Only the pictures should be left out; repeat the rest of the data exactly.

▶ _Provided material_:
■ ■ ■
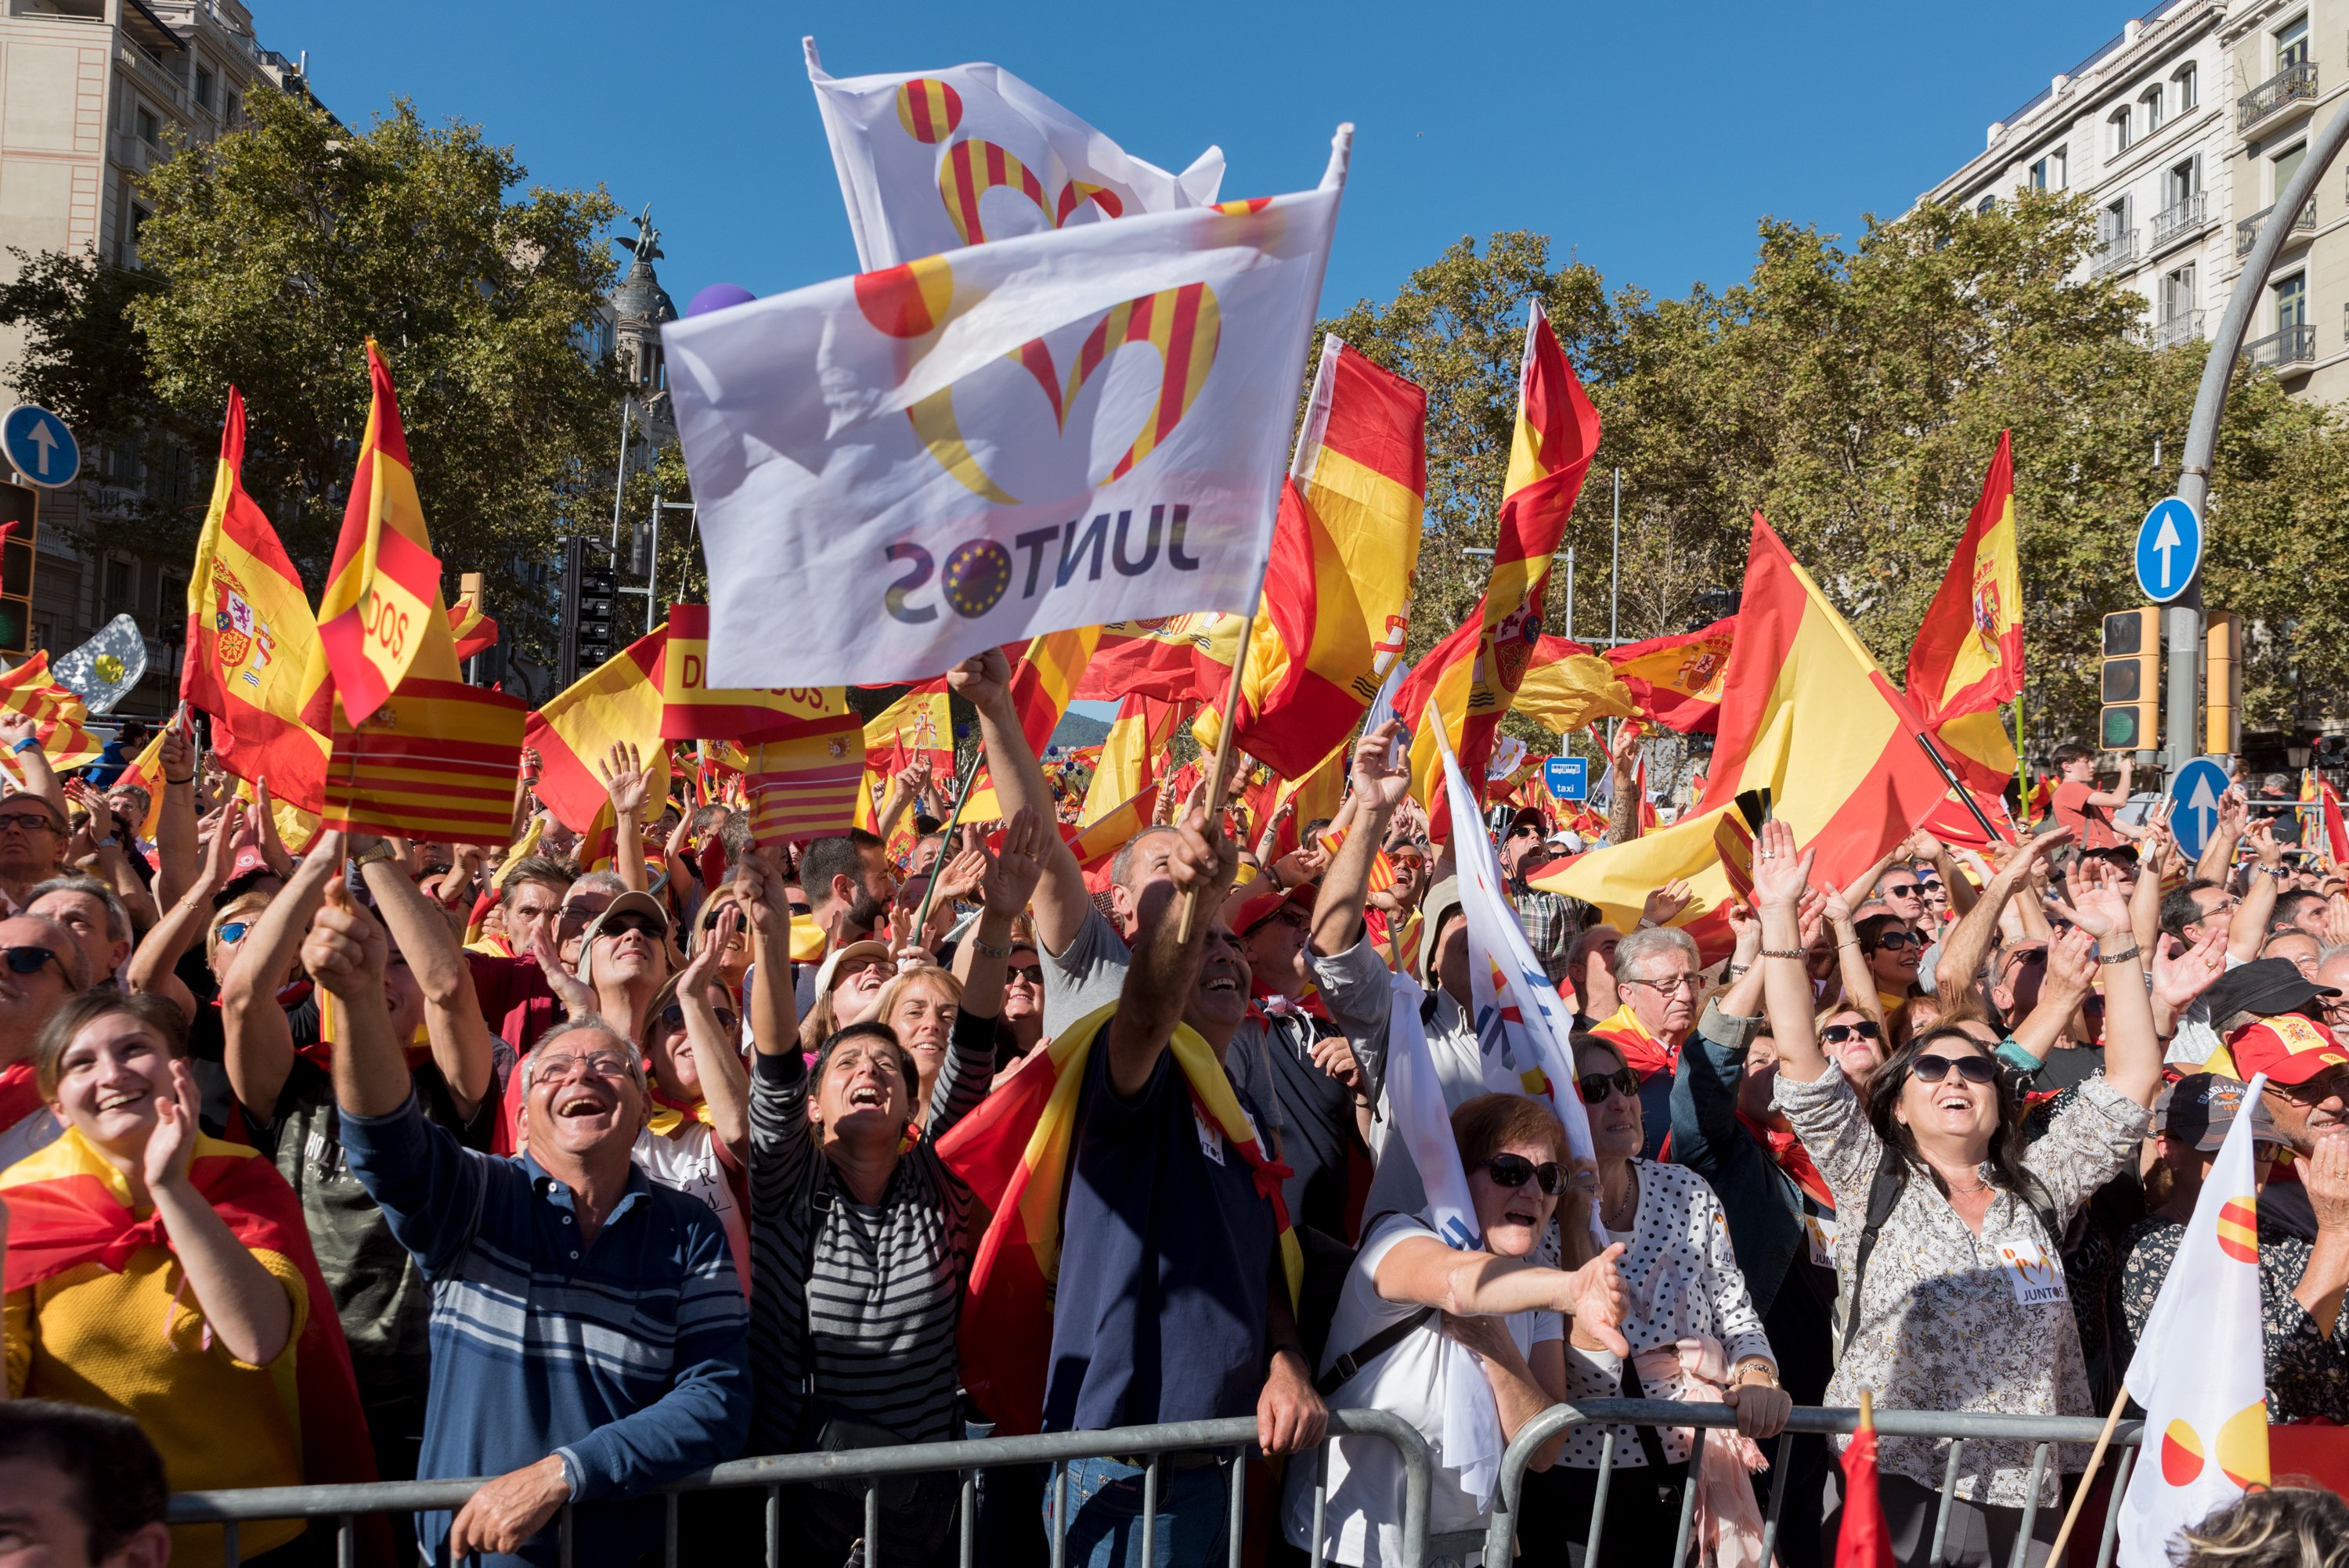 Sociedad Civil Catalana responde a Torra con la amenaza de convocar macromanifestaciones
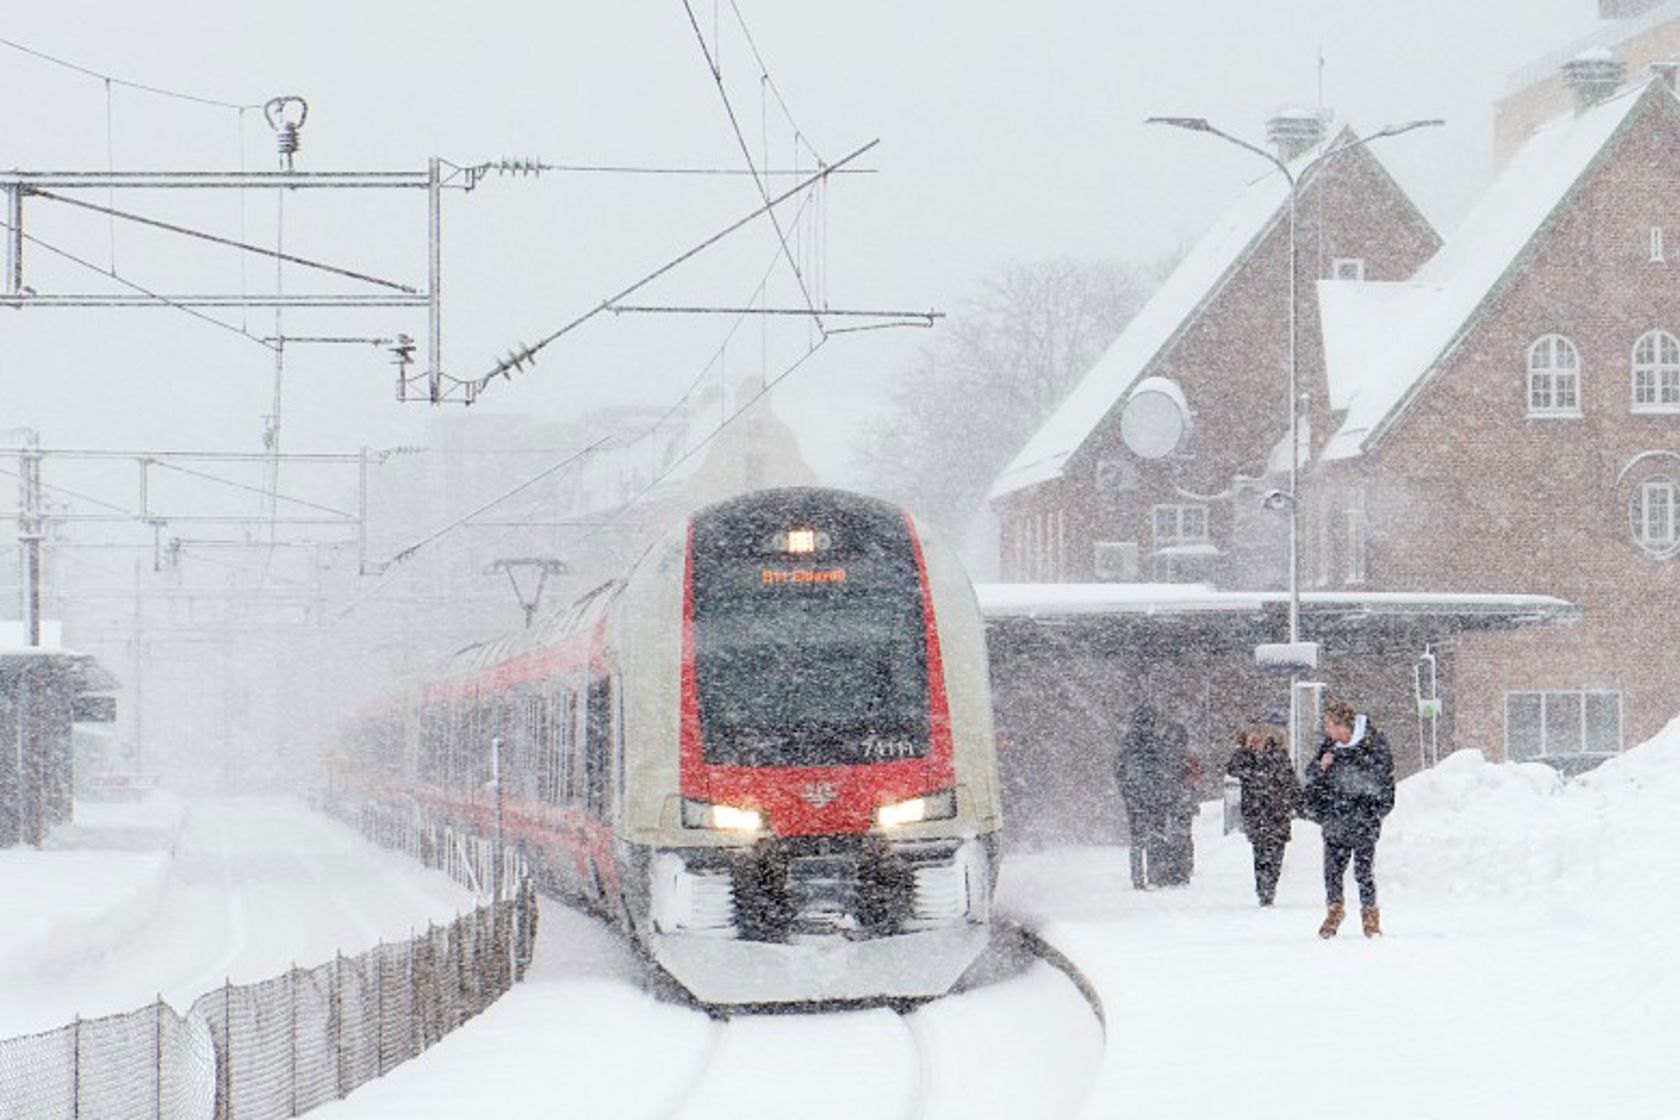 Tog i snøvær klart til avgang fra stasjon
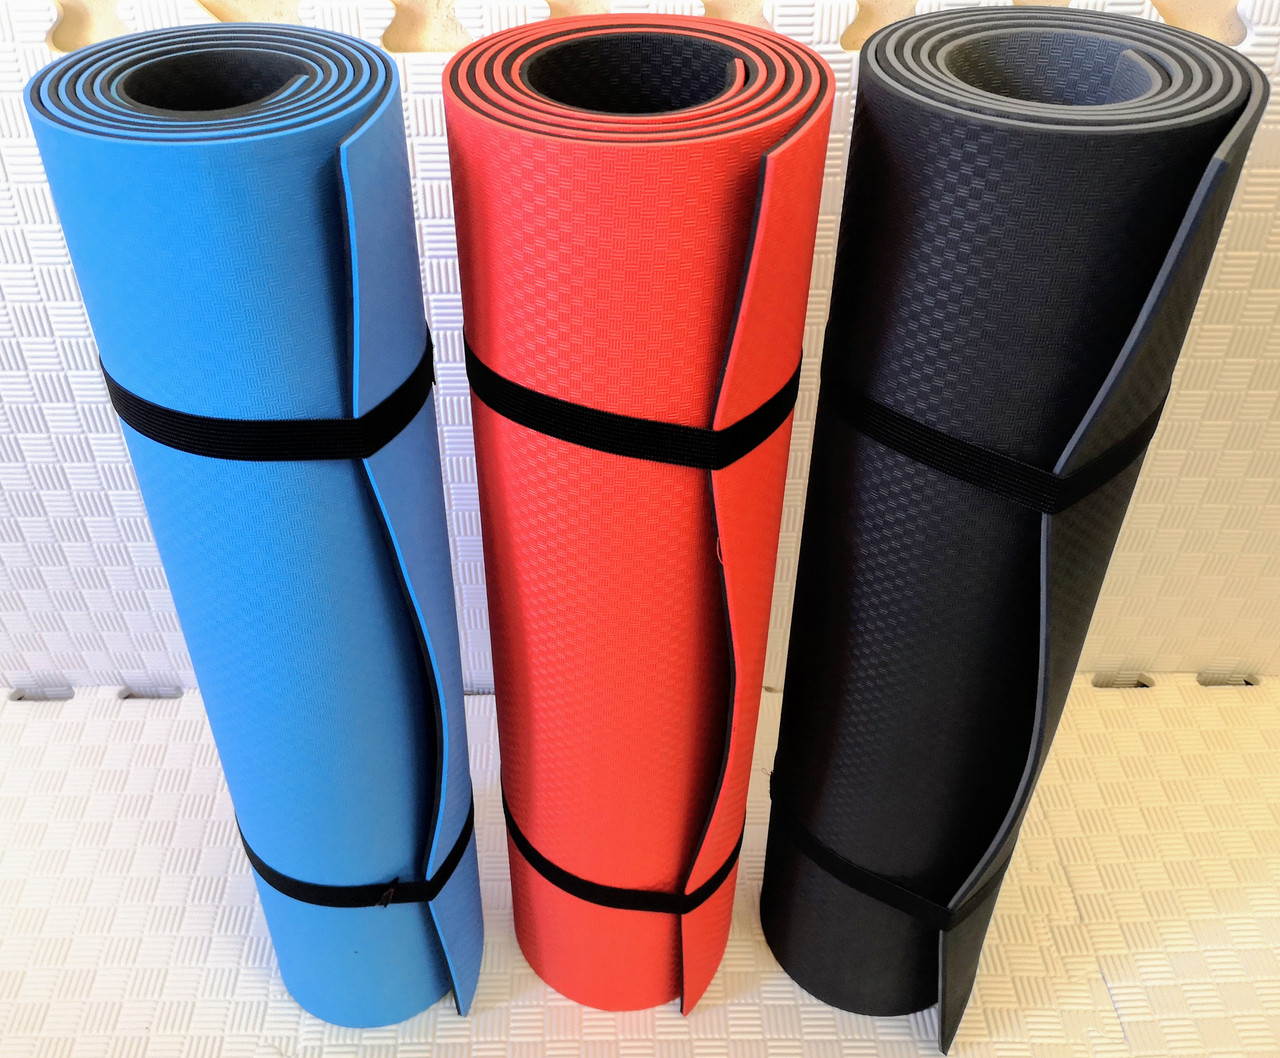 Нерозривний дуже щільний спортивний йога-килимок (йога-мат) "Eva-Sport" для занять йогою,фітнесом, пілатесом.
■ ■ ■
▶ _Task response_:
 Sociedad Civil Catalana responde a Torra con la amenaza de convocar macromanifestaciones
 Tog i snøvær klart til avgang fra stasjon
 Нерозривний дуже щільний спортивний йога-килимок (йога-мат) "Eva-Sport" для занять йогою,фітнесом, пілатесом.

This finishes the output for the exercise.